I’m trying to find out what year and model Volkswagon this transmission is for.
All I know is it’s automatic and it may be for 2011.

I don’t have the VIN number and I don’t know if it’s for a 1.8L or 2.0L

See pictures.

All info from it is listed below.

If anyone could help or point me in the right direction with this information,
please let me know. Thanks people!
























(FY)







(VW AG IP AW5 096 321 361B Fe/Zn)























(Numbers from next two closeups)







(3H86 *006NTJ0313907S1312129*)







(4582-3-3 4001 09G 300 033J 13M3G13907)







(VW AG JP AW5 09G 323 571 N 13Z 13494 QCKC)







(VW AG JP AW5 09G 323 571 N 13Z 13494 QCKC)

Additional Info
96321105
AISi9Cu3
Y100
TFA010


----------



## DasCC (Feb 24, 2009)

that transmission was used in multiple applications. Beetle, Jetta, Tiguan (Non-DSG trans)


----------



## Eric D (Feb 16, 1999)

09G 300 033J makes this for a 2014 Passat SEL 1.8T.


----------



## volkswagonlookup (Aug 25, 2015)

Does this look normal? Is it damaged? The transmission is supposed to be new.
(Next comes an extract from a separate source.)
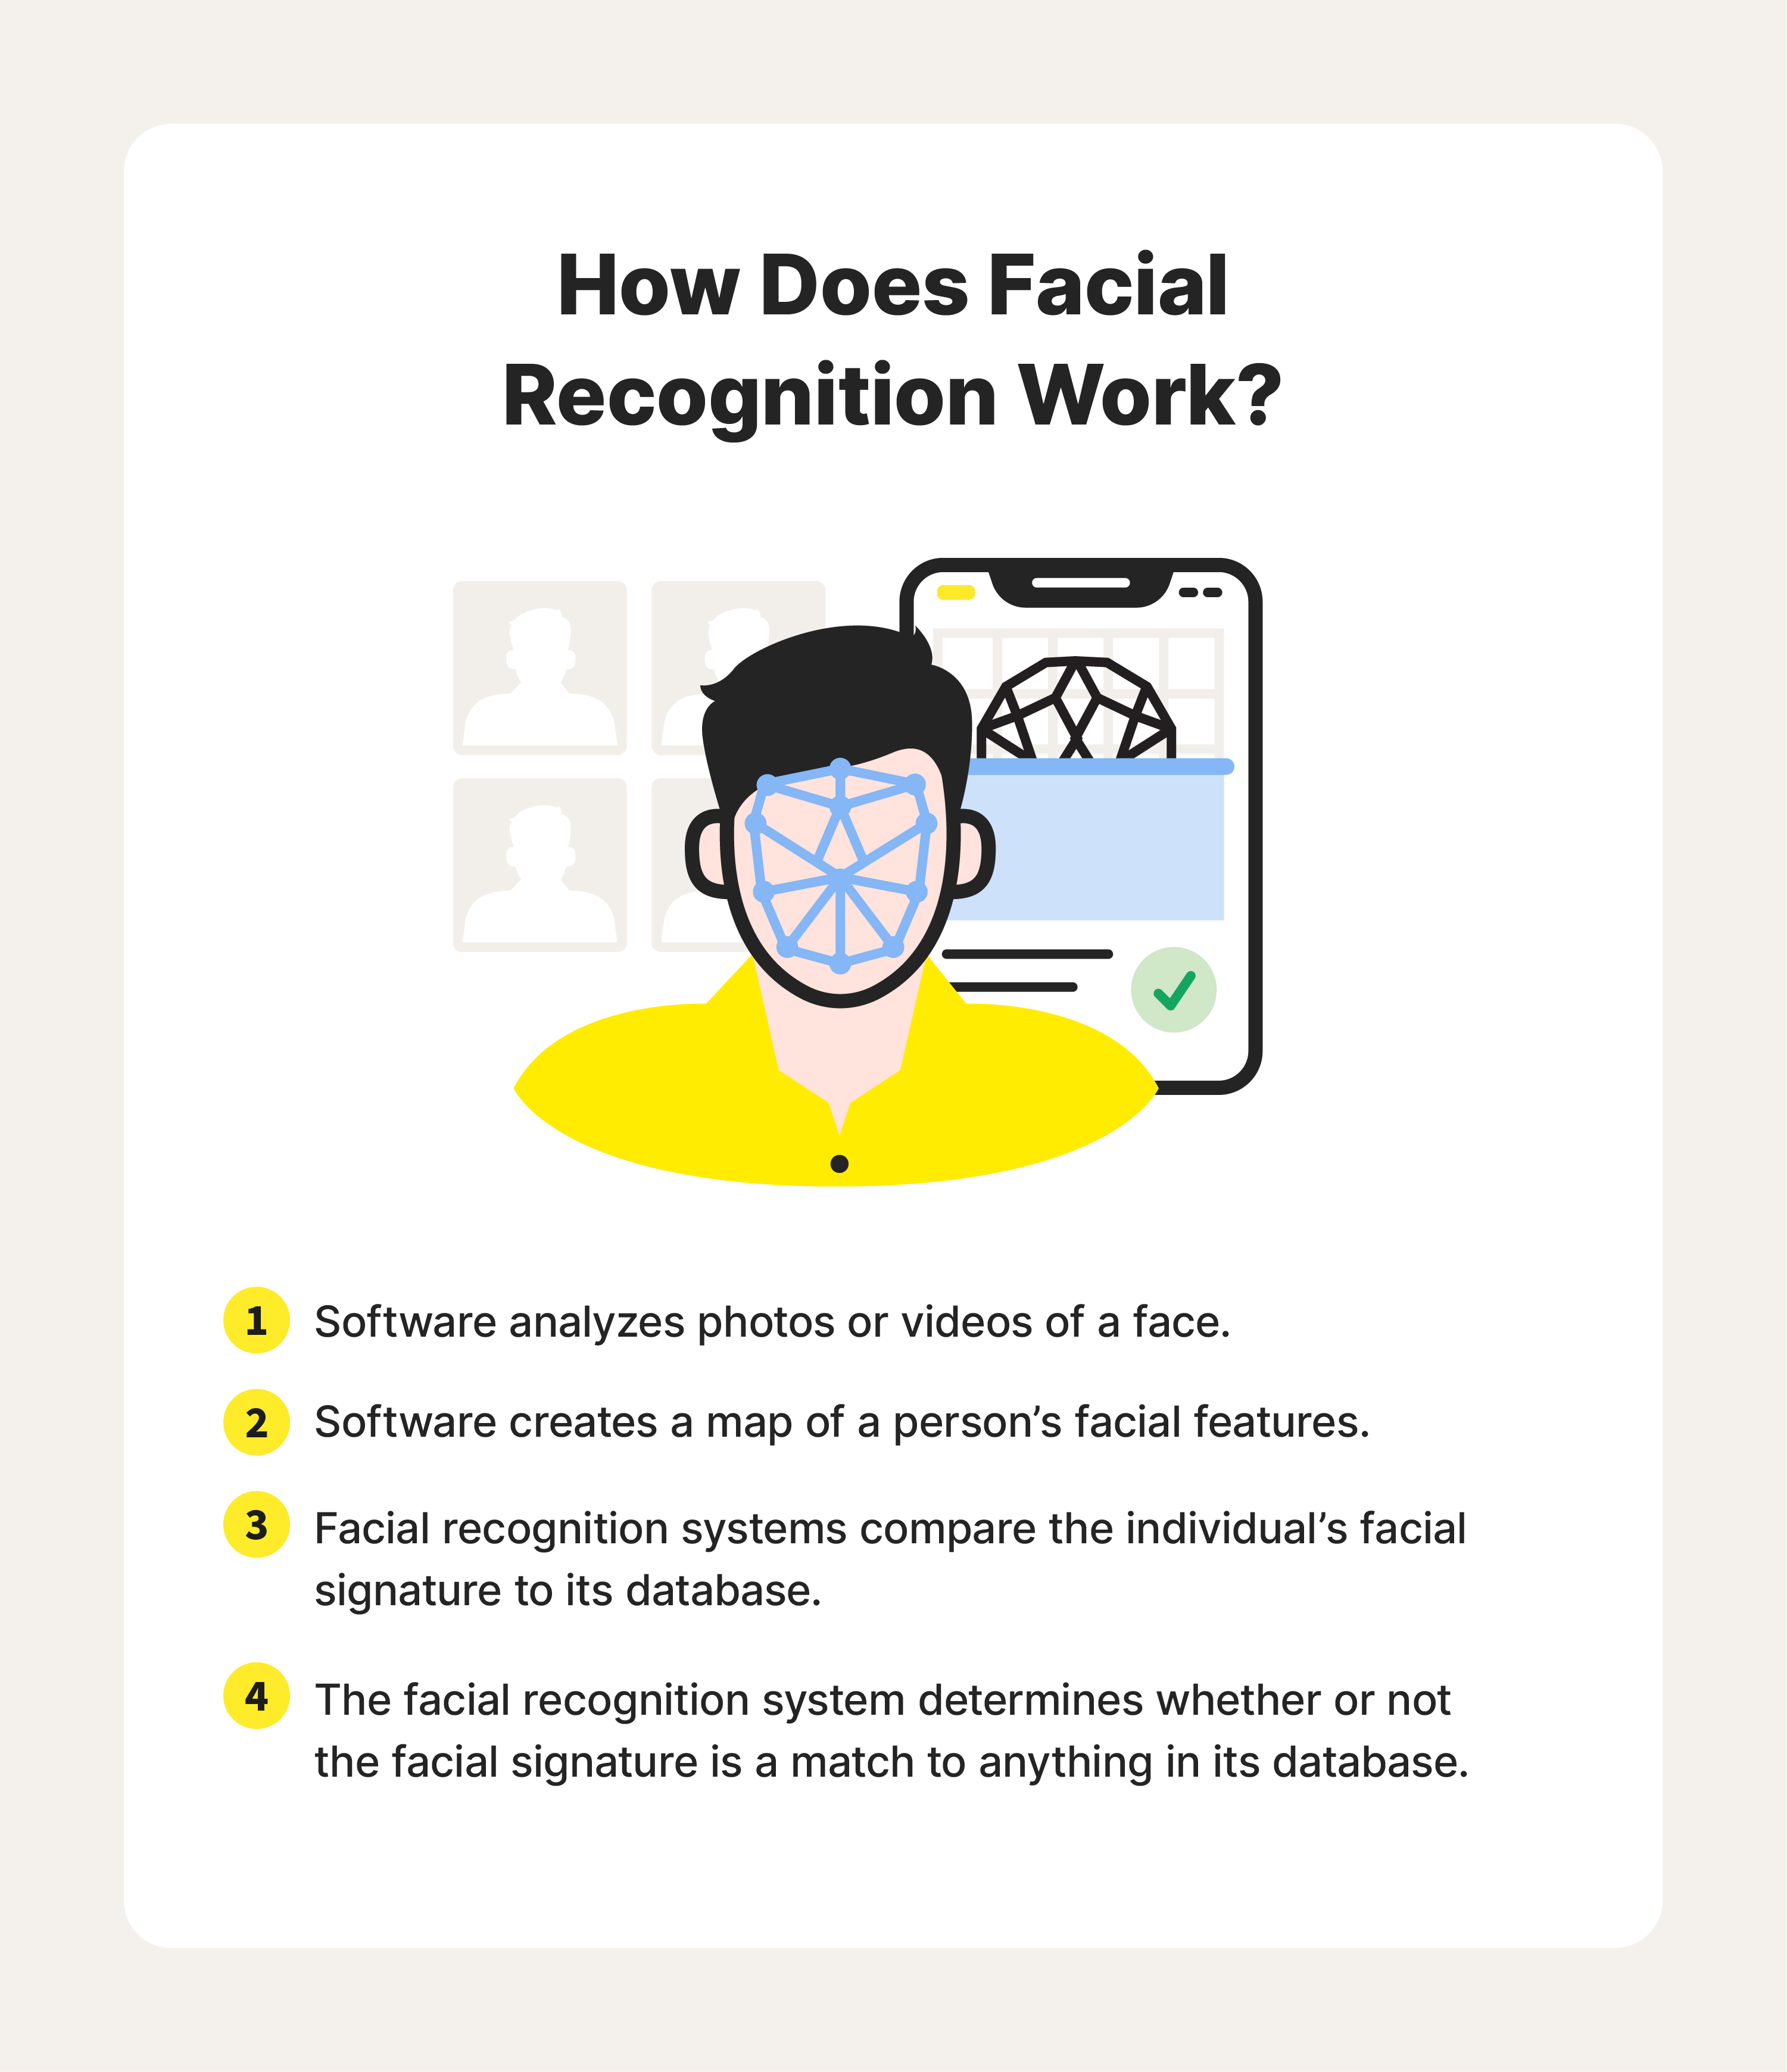 Image explains how facial recognition technology analyzes facial features.

Also, very important here. If you know exactly which years and models this will fit in, I need to know that asap.

Even if it's just a few.

Thanks people!


----------



## GTINC (Jan 28, 2005)

volkswagonlookup said:


> ....The transmission is supposed to be new....


It is not new just based on the condition of the cast casing.


----------



## Eric D (Feb 16, 1999)

How about you tell us how you came to posses this trans? 
I will assume you purchase surplus and this was part of the lot.

I already answered what vehicle its for. The part # was posted by you .

The vent in your hand is exactly that a vent. Why did you remove it?


----------



## volkswagonlookup (Aug 25, 2015)

Thank you. I was just wondering if it works for something else. I bought this from someone who bought it new and decided to get the repair done somewhere where they provide the transmission already.

So if it's just that one car ok, but if there are other years and models it's also compatible with I was just wondering as another option.

Thanks very much for the quick response.

The vent leaked some oil when a few of us moved it onto a stable piece of wood on a trolley so we can move it around.
It looks worn like the vent cap melted and I was wondering if it's broken or normal.


----------



## Eric D (Feb 16, 1999)

The 09G trans is used in a wide variety of applications and engine sizes. As a result, the number of friction plates, planetary ratios, three or four pinion carriers, transfer gear ratios and the final drive ratios will vary depending on torque load requirements of the specific vehicle. The 09G trans uses a gear ratio sensitive system, requiring the correct trans interchange.
In other words, yours is vehicle specific.

Vent cap can be replaced or the new buyer can swap in theirs.


----------